Dataset excerpt:
==========

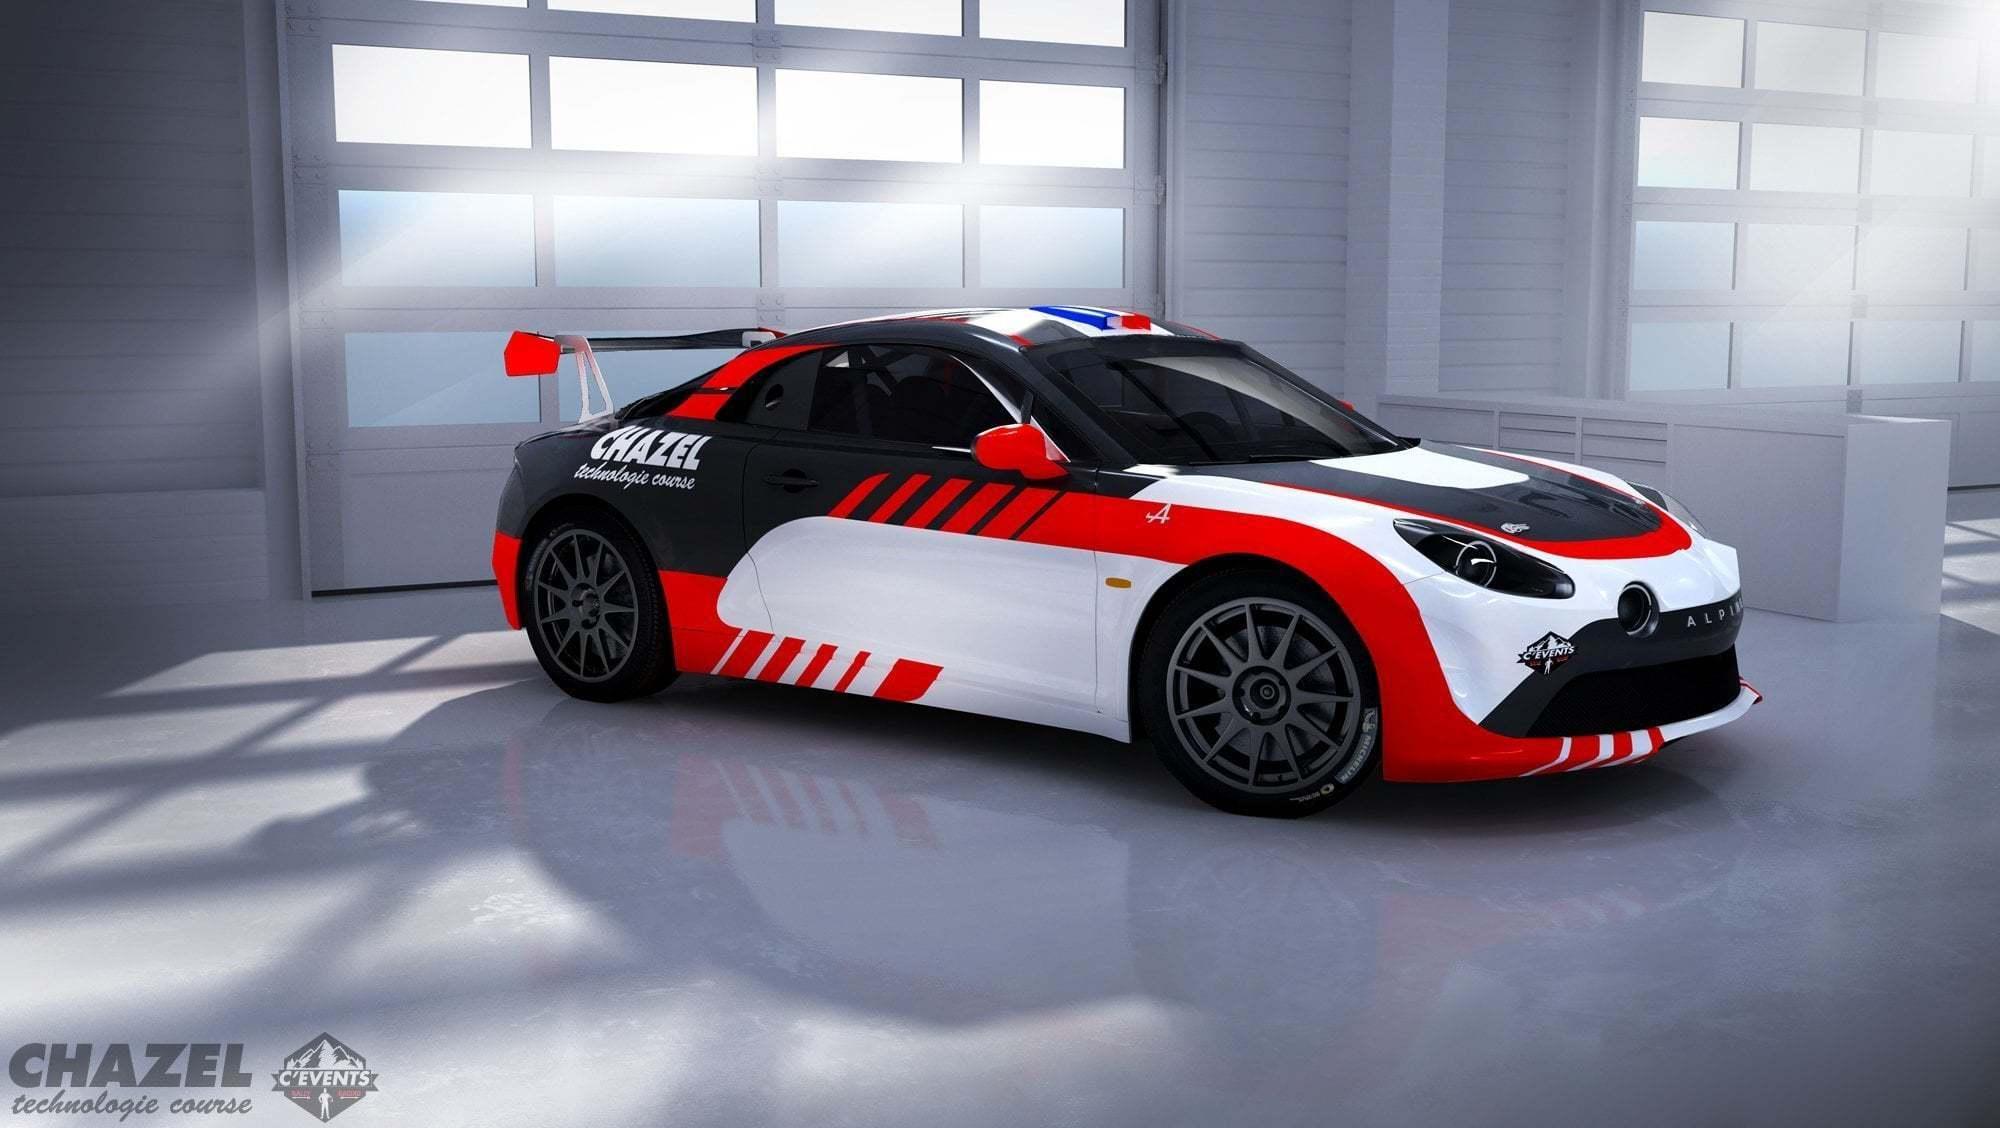 Alpine RGT CHAZEL   Le Team Chazel Technologie Course engagera une Alpine A110 R-GT en 2020
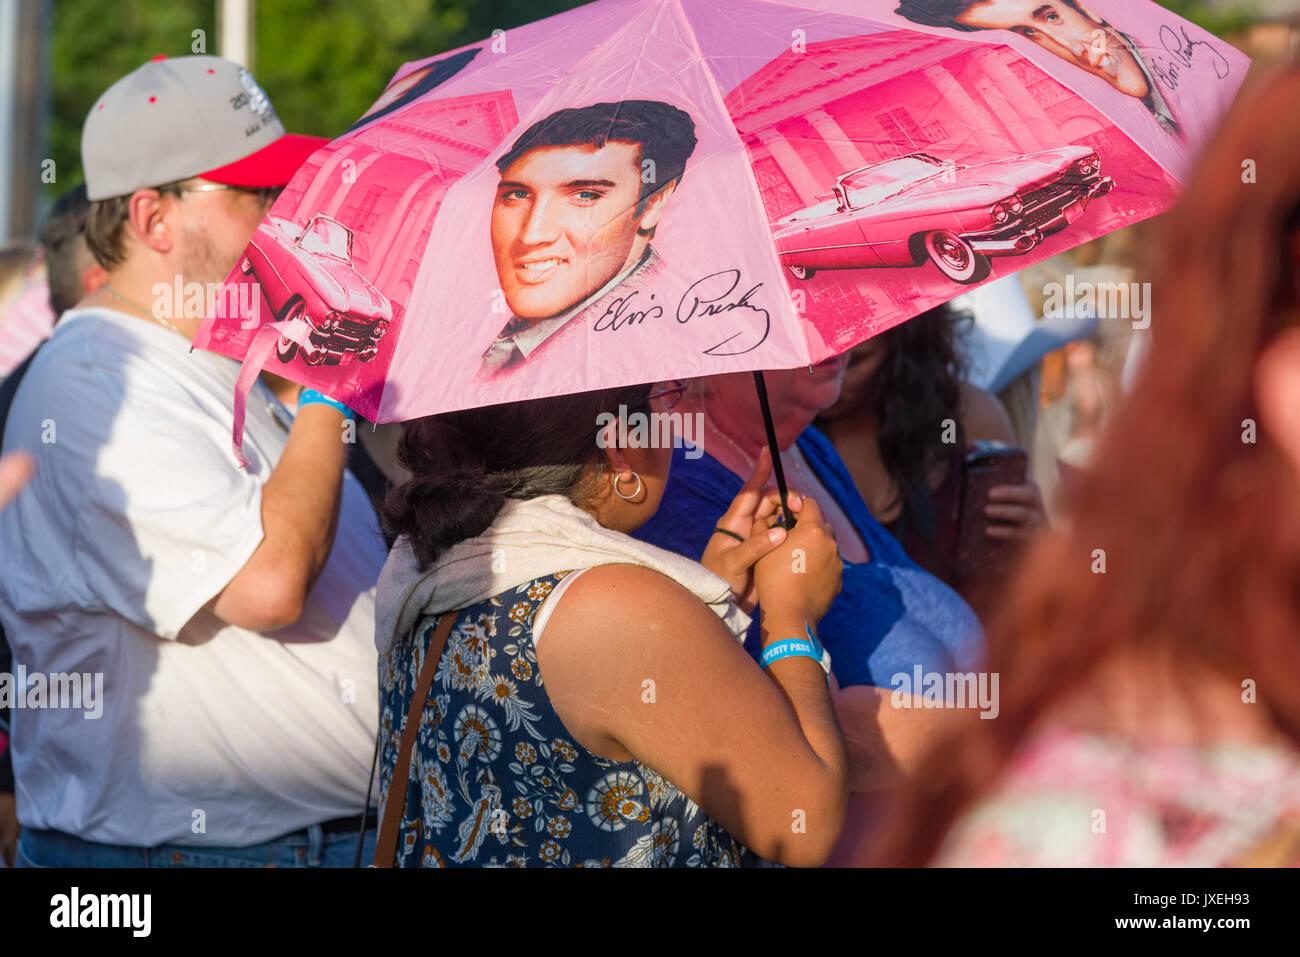 Memphis, Tennessee, USA, 15 août 2017. Elvis 7. Veillée aux chandelles. Les gens rendent hommage à Elvis Presley à son domicile de Memphis, Graceland. La veillée aux chandelles est dans son 40e année. Elvis est mort le 16 août 1977. Crédit: Gary Culley/Alamy Live News Photo Stock
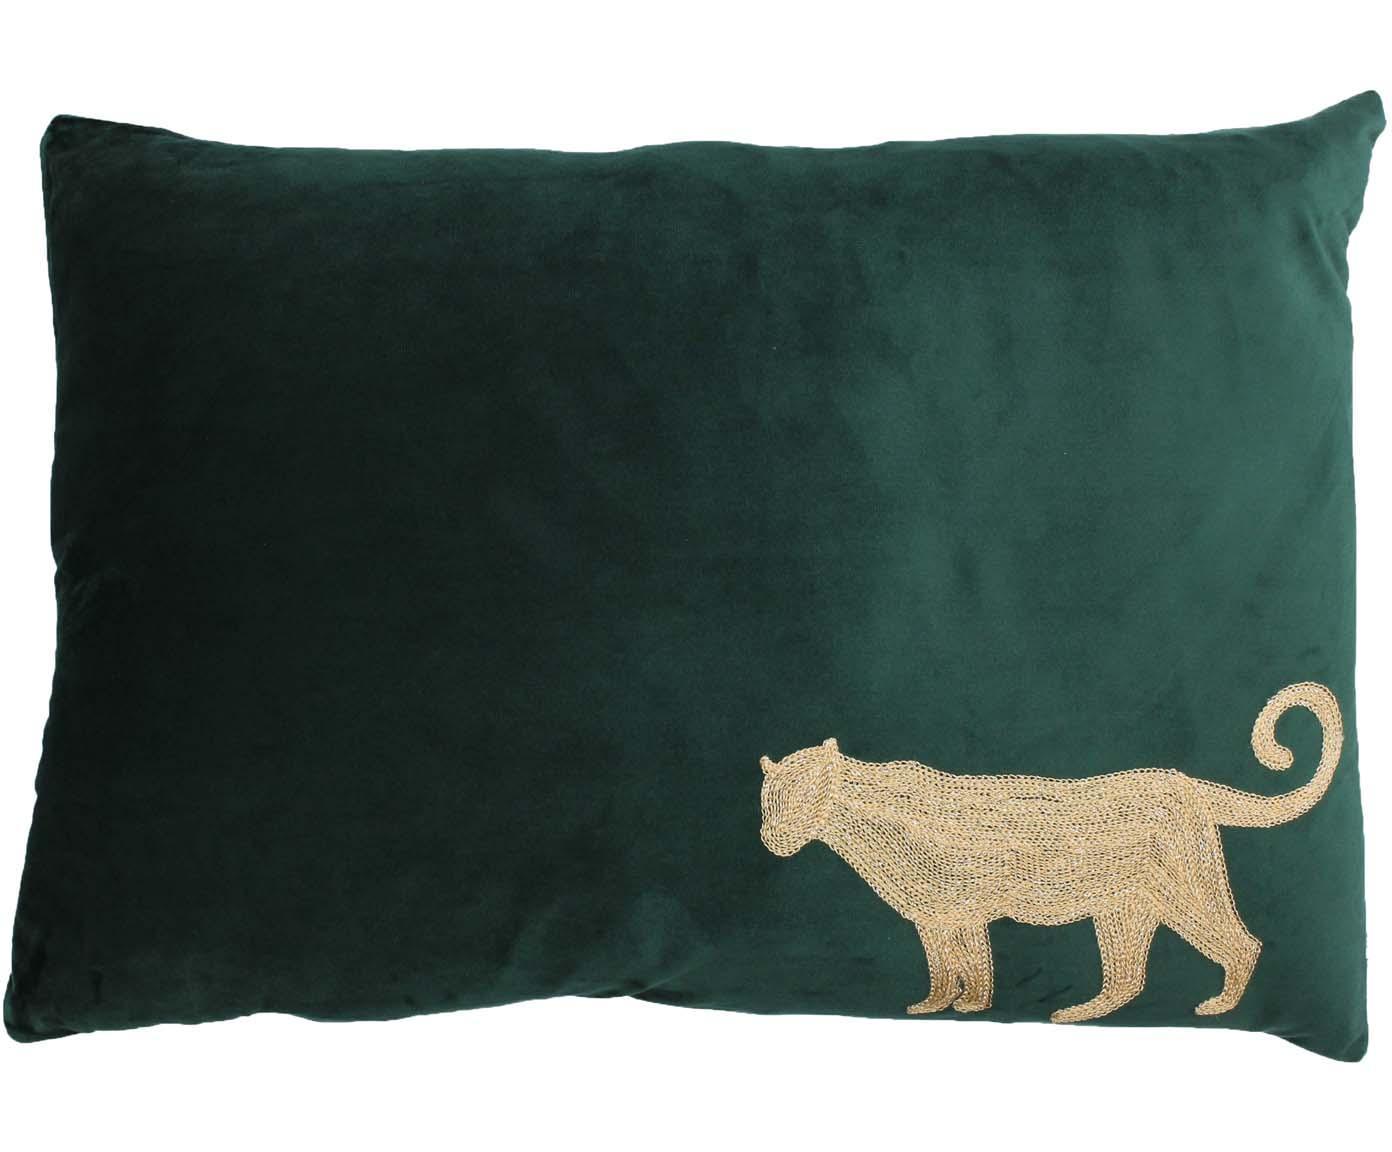 Haftowana poduszka z aksamitu  z wypełnieniem Single Leopard, 100% aksamit (poliester), Zielony, odcienie złotego, S 40 x D 60 cm

==========

Description of the task:
Every line above needs to be written out again as it stands. Pictures do not belong in the copy.

Result:
 Alpine RGT CHAZEL   Le Team Chazel Technologie Course engagera une Alpine A110 R-GT en 2020
 Memphis, Tennessee, USA, 15 août 2017. Elvis 7. Veillée aux chandelles. Les gens rendent hommage à Elvis Presley à son domicile de Memphis, Graceland. La veillée aux chandelles est dans son 40e année. Elvis est mort le 16 août 1977. Crédit: Gary Culley/Alamy Live News Photo Stock
 Haftowana poduszka z aksamitu  z wypełnieniem Single Leopard, 100% aksamit (poliester), Zielony, odcienie złotego, S 40 x D 60 cm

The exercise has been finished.